Eileen doesn't benefit from turning to look at Gabriel and Raith. It's a habit she's begun to break with other people, but there are occasions — like now — when it's important to communicate that she's paying attention. That steeping tea is not as important as the men at the table, or the offer they've extended to her. The hard lines etched into her face soften. So does her mouth.

When she exhales, it's softly, through her nose, and with a shaky sort of quality that betrays the tumult of emotion beneath her white marble exterior. Gabriel will feel the tightness in her chest reflected through their shared connection. Sometimes gratitude hurts. This does. "We," because now the pronoun is, "aren't the only ones he's sending back. There are other people, other undertakings. He could come for me as soon as tomorrow."

A sharp click shuts off the stove. It's fortunate that Eileen prefers her tea strong because she's left it and is moving toward the table. "I wasn't given the impression that we've a lot of time to prepare."
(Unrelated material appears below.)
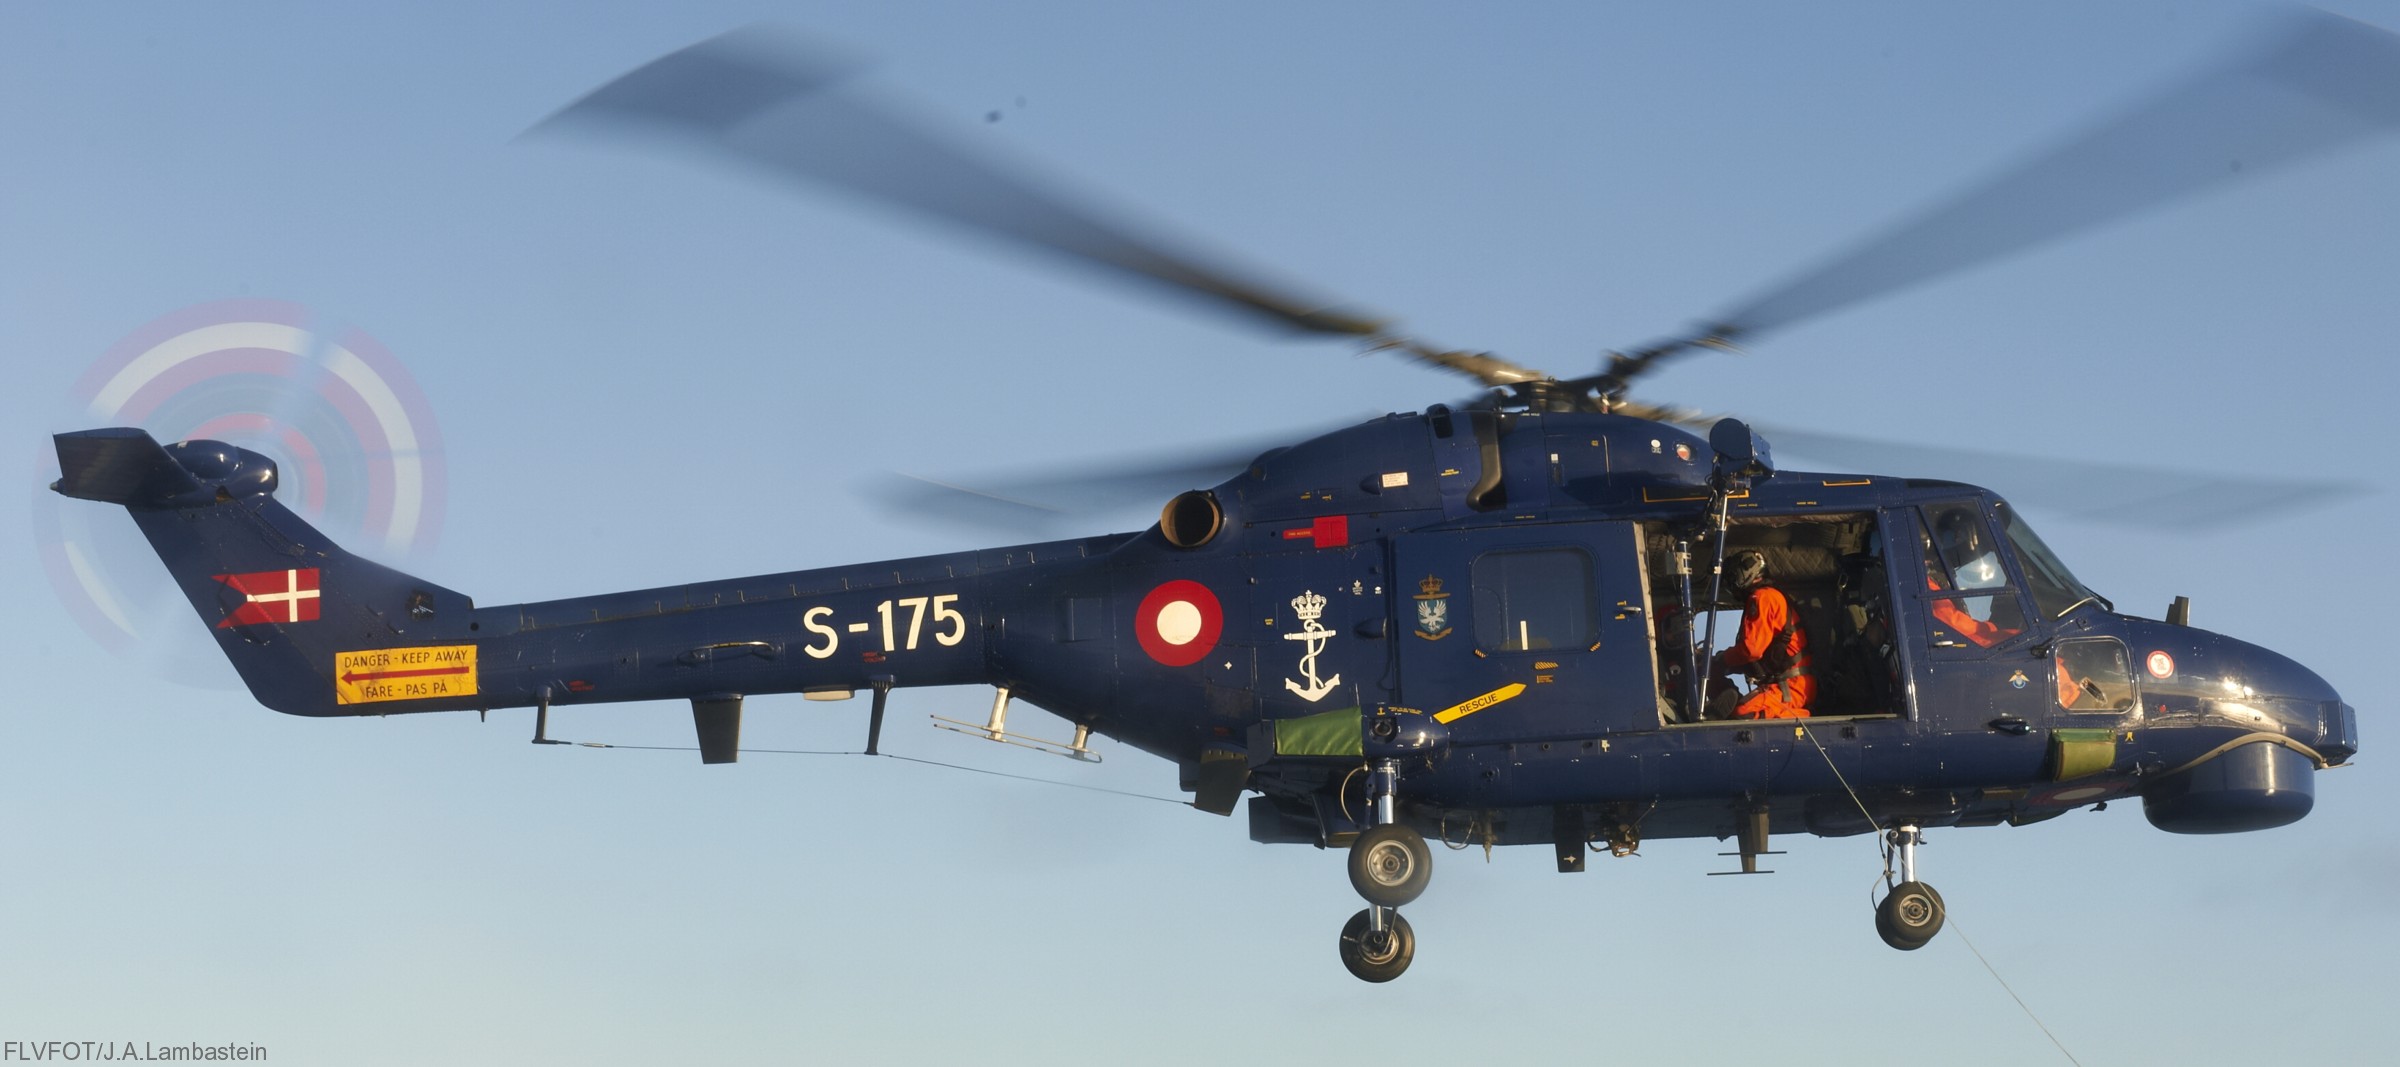 lynx mk.80 mk.90b helicopter westland royal danish navy air force kongelige danske marine flyvevabnet karup air base 15x

"I wouldn't know what to do with time to prepare." If she was looking for argument, she isn't finding it in the kitchen. Gabriel's posture straightens, finally, after a skimming test of thumb along the ridge of bruises that colour his face, hands then coming to rest against the edge of the table. This was easy. TOO EASY. Maybe. He can't completely disguise the shimmer of anticipation that affords itself down the empathic thread that connects the two animal empaths in the room, although Raith doesn't have to be totally blind to it himself, in the very subtle curl of a smile at the corners of Gabriel's mouth.
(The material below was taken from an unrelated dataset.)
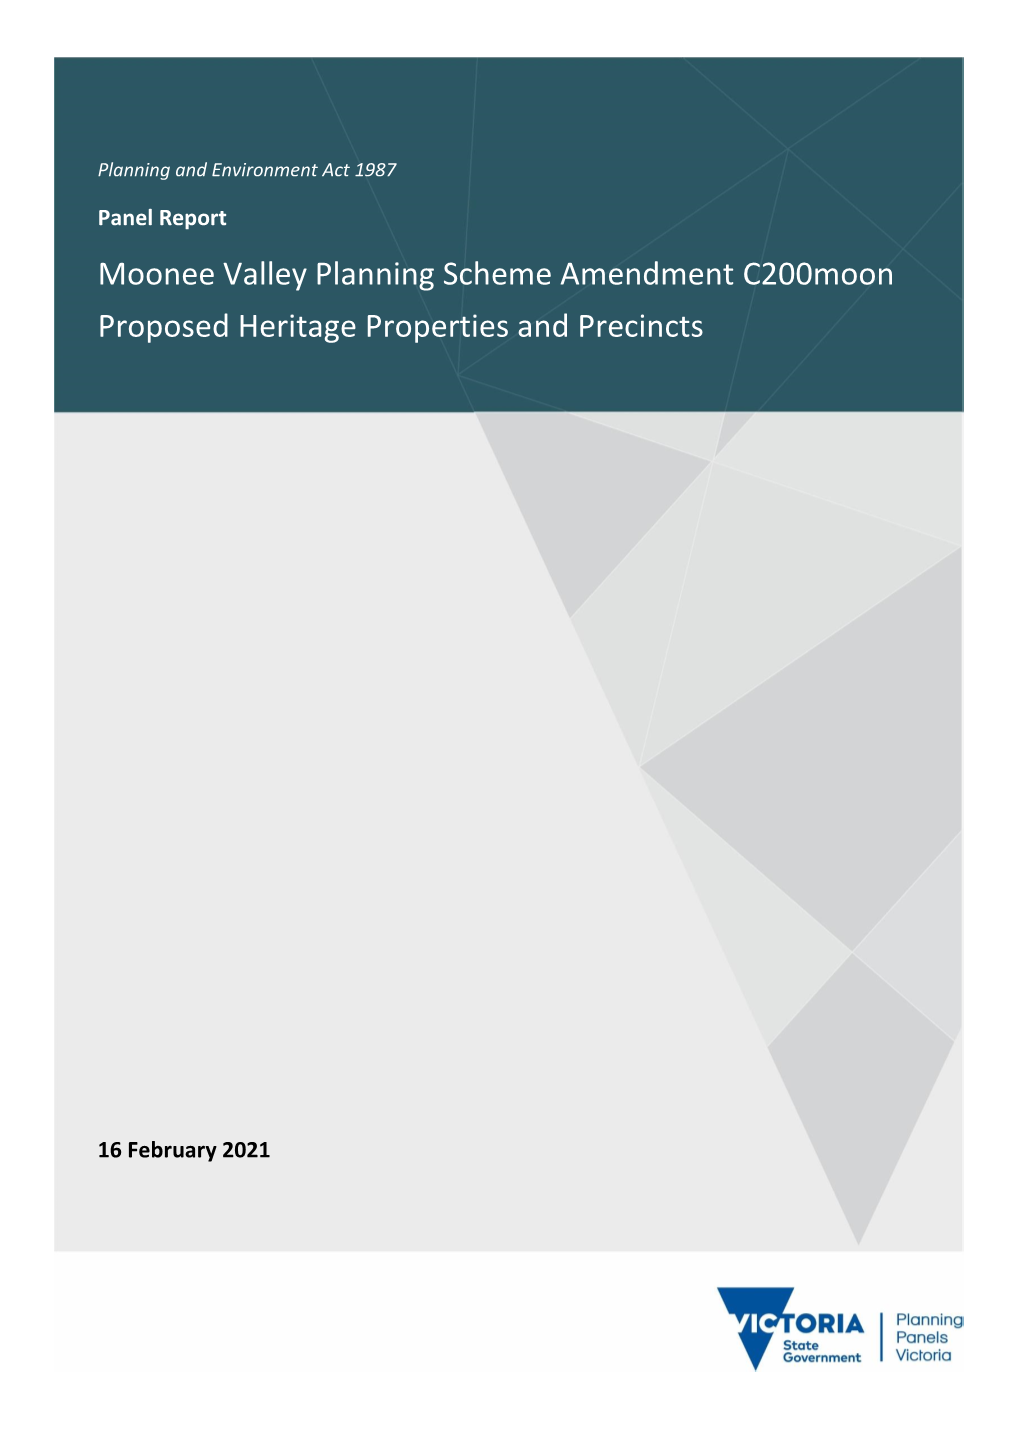 Moonee Valley Planning Scheme Amendment C200moon Proposed Heritage Properties and Precincts

He's looking forward to it.

Looking forward to it or not, Raith is still somewhat on top of his game, despite being roused at such an early hour. "I know what I'd do with time to prepare," he grumbles, pushing himself up from the table just slightly shakily. "I'd sleep. I think I may go do some of that now, if nobody minds. Wake me up if there's a paradox, huh?" Despite indications otherwise, Raith doesn't make his exit just yet, either waiting for 'permission' to go, or staying around just a bit longer in case there's something else worth mentioning.
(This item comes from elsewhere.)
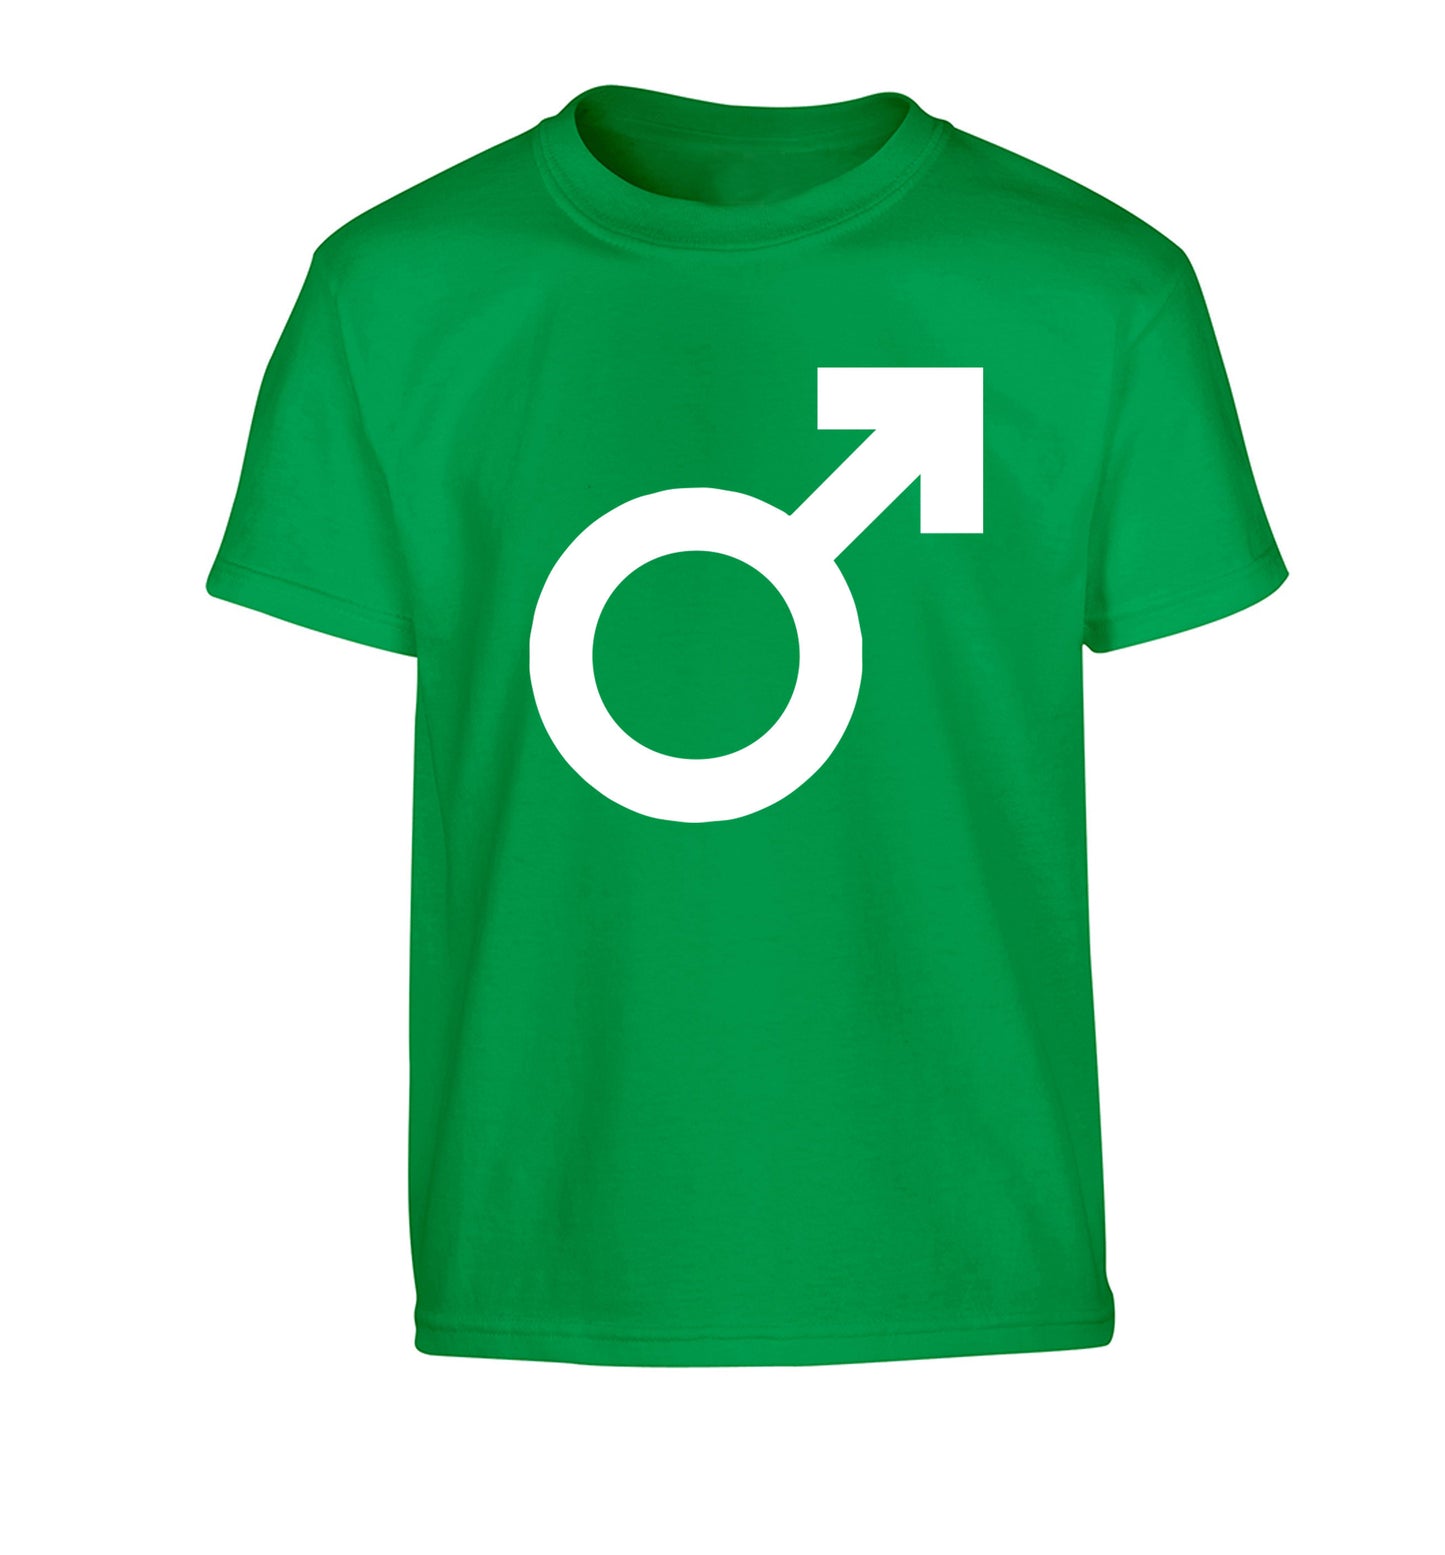 Male symbol large Children's green Tshirt 12-14 Years

"Go to bed, Jensen," is a gentle suggestion rather than an order. Eileen's hand brushes across the flat of his back on her way past, but his chair isn't her final destination. Her starling, however, decides that this is where it gets off and jumps the short distance between her shoulder and the back of Raith's seat. Tiny claws click against polished wood — there's no upholstery for it to hook its feet in.

Eileen places her hands on the lower half of Gabriel's chest and spreads her fingers across his abdomen. Her brown leather flats don't elevate her more than an extra half inch, and to press her mouth to his neck, she has to ease her heels off the floor and shift her weight onto the front of her feet. "Thank you," she mutters against his stubble before turning her head to address Raith as well, her damp hair wet against his chin, "both."

She can feel skin and the things beneath it shift with a breath, loose muscles tensing reflexively under the light settle of her palms and sharper fingers. Gabriel's face angles more towards the kitchen and away from the door and Raith's departure, rough hands smoothing up the skinnier stalks of Eileen's, elbow to shoulder, in a gesture that translates as you're welcome.